▶ **Supplied data**

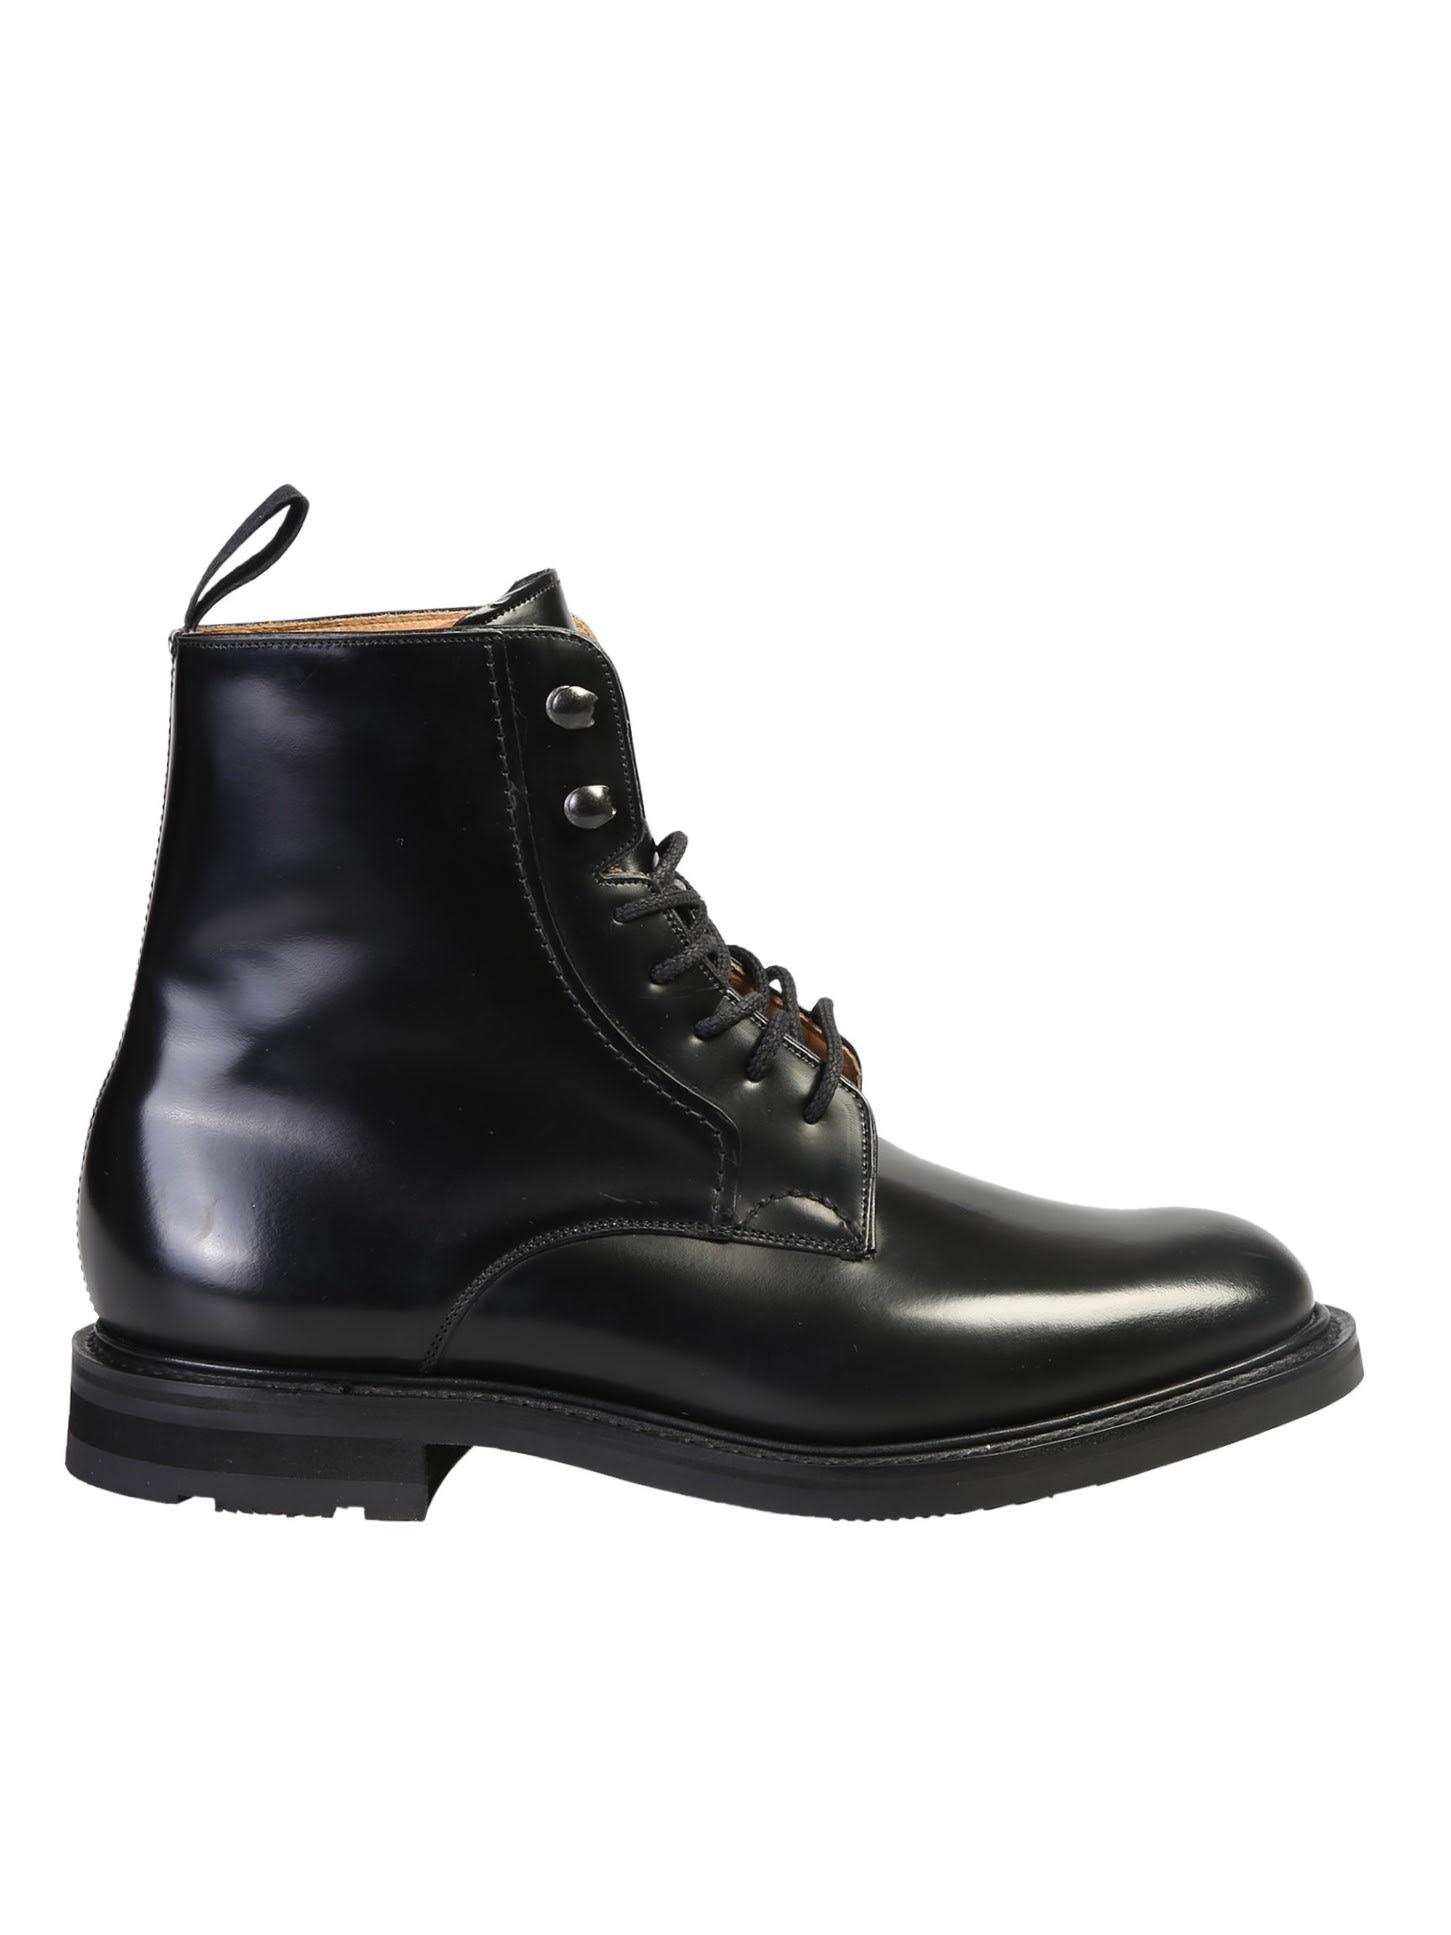 Churchs Wotton Ankle Boots
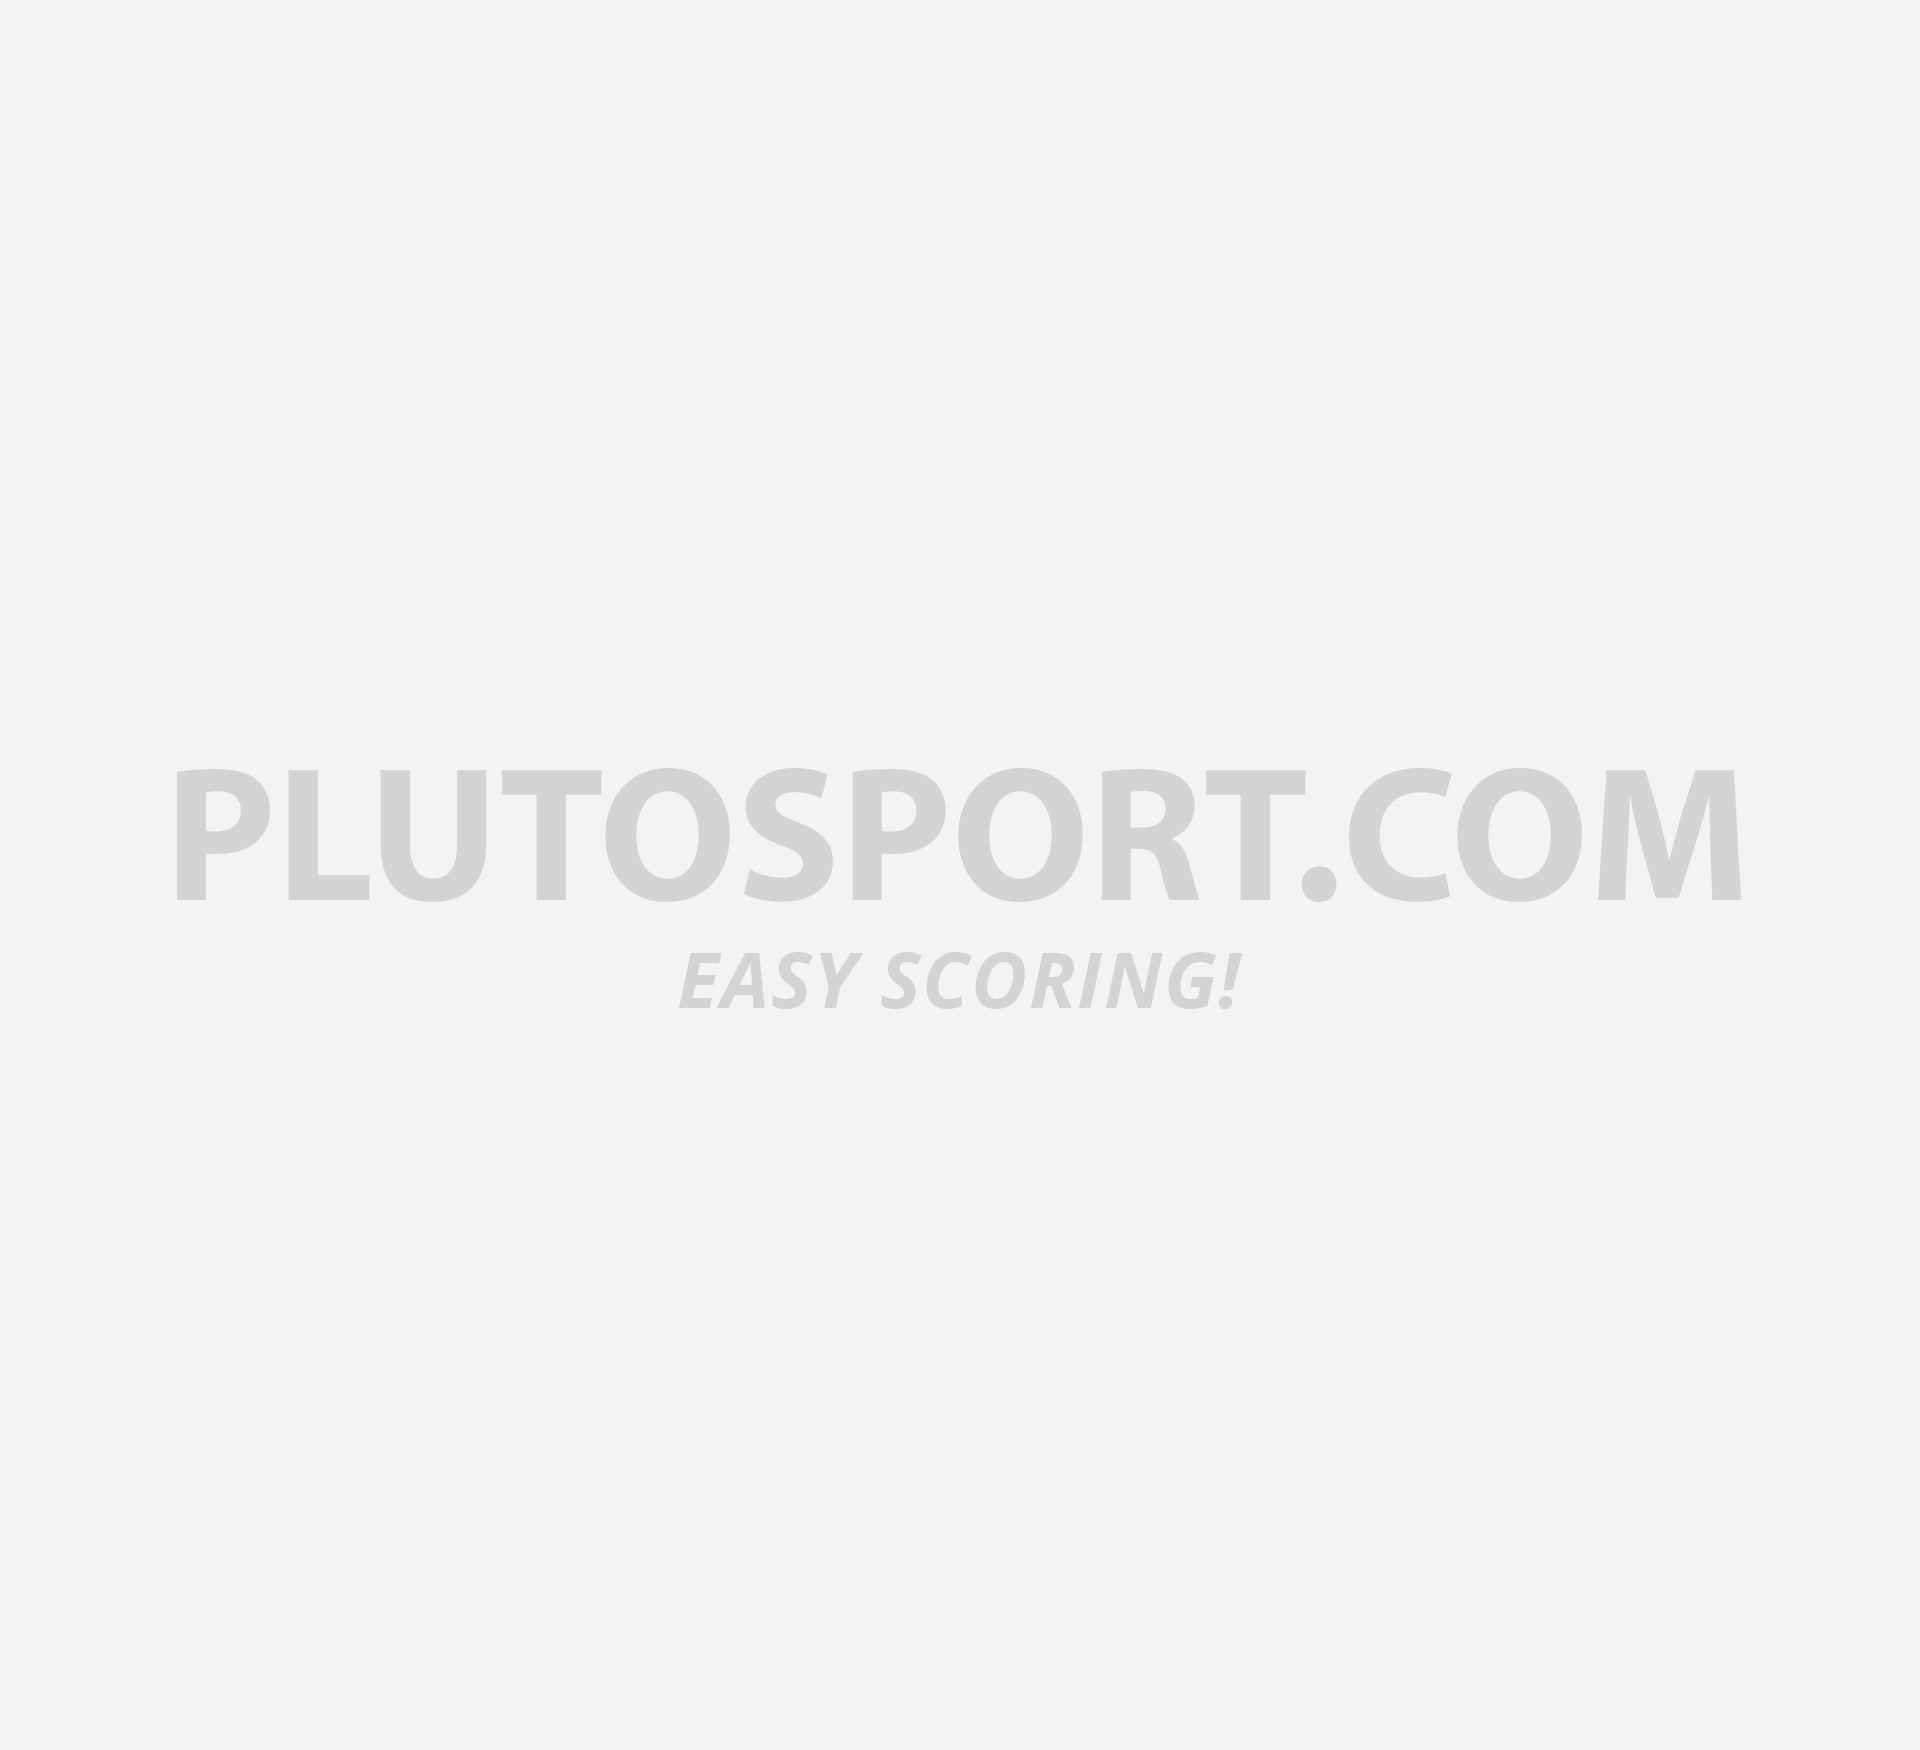 507889ba1f59a5 Superdry Retro Work Barrel - Accessories - Yoga - Sports | Plutosport
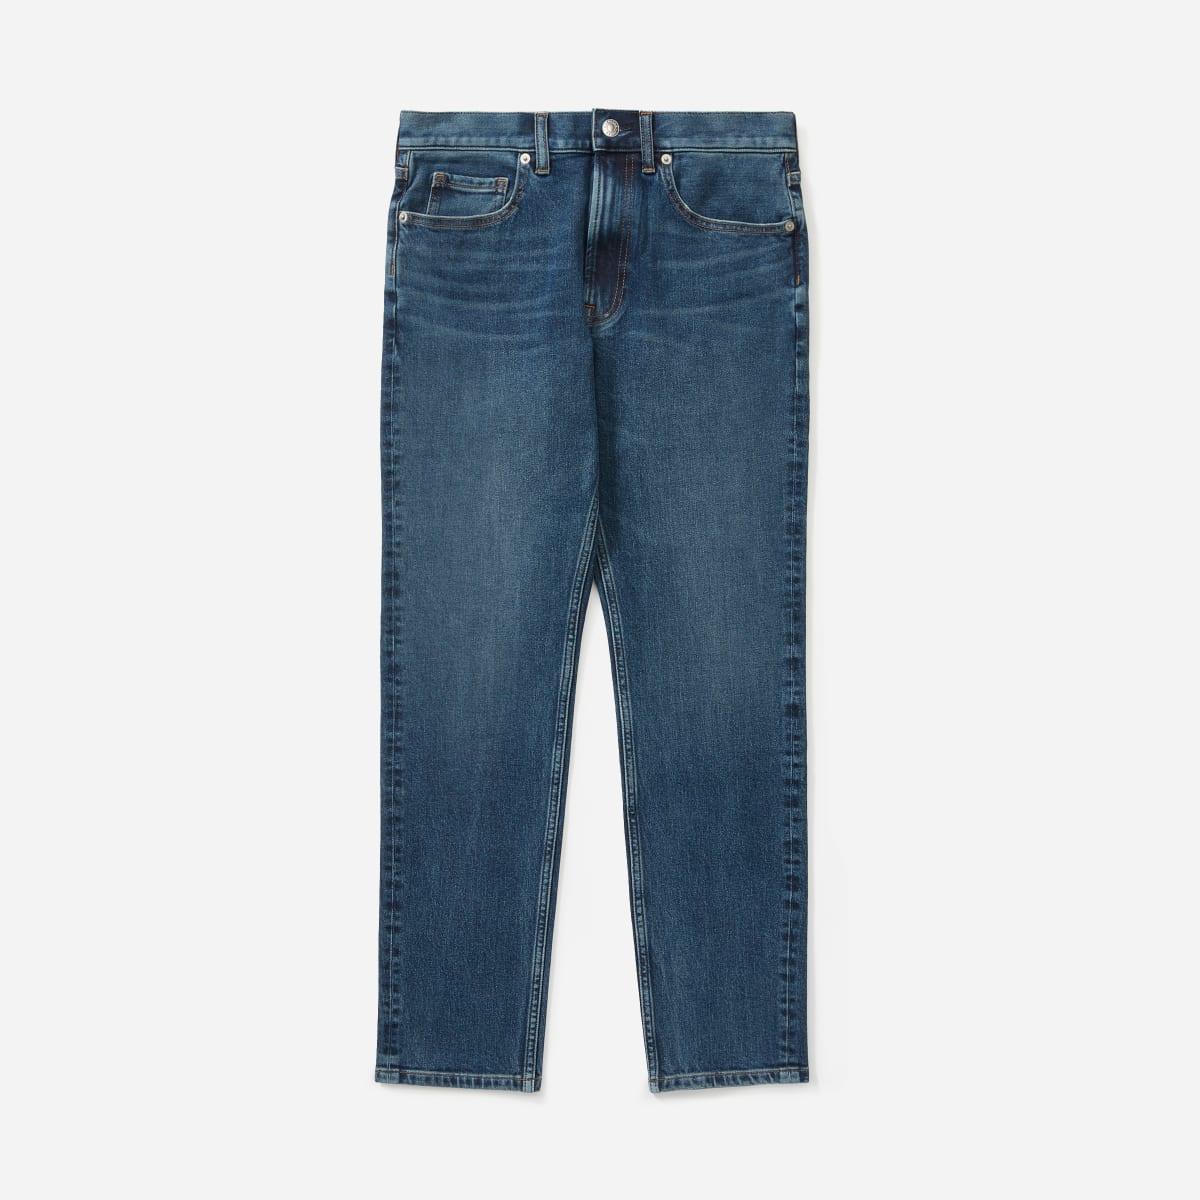 Everlane Organic Jeans

▶ **Task brief**
Using the material above, set down every line exactly, but skip the pictures.

▶ **Response below**
 Churchs Wotton Ankle Boots
 507889ba1f59a5 Superdry Retro Work Barrel - Accessories - Yoga - Sports | Plutosport
 Everlane Organic Jeans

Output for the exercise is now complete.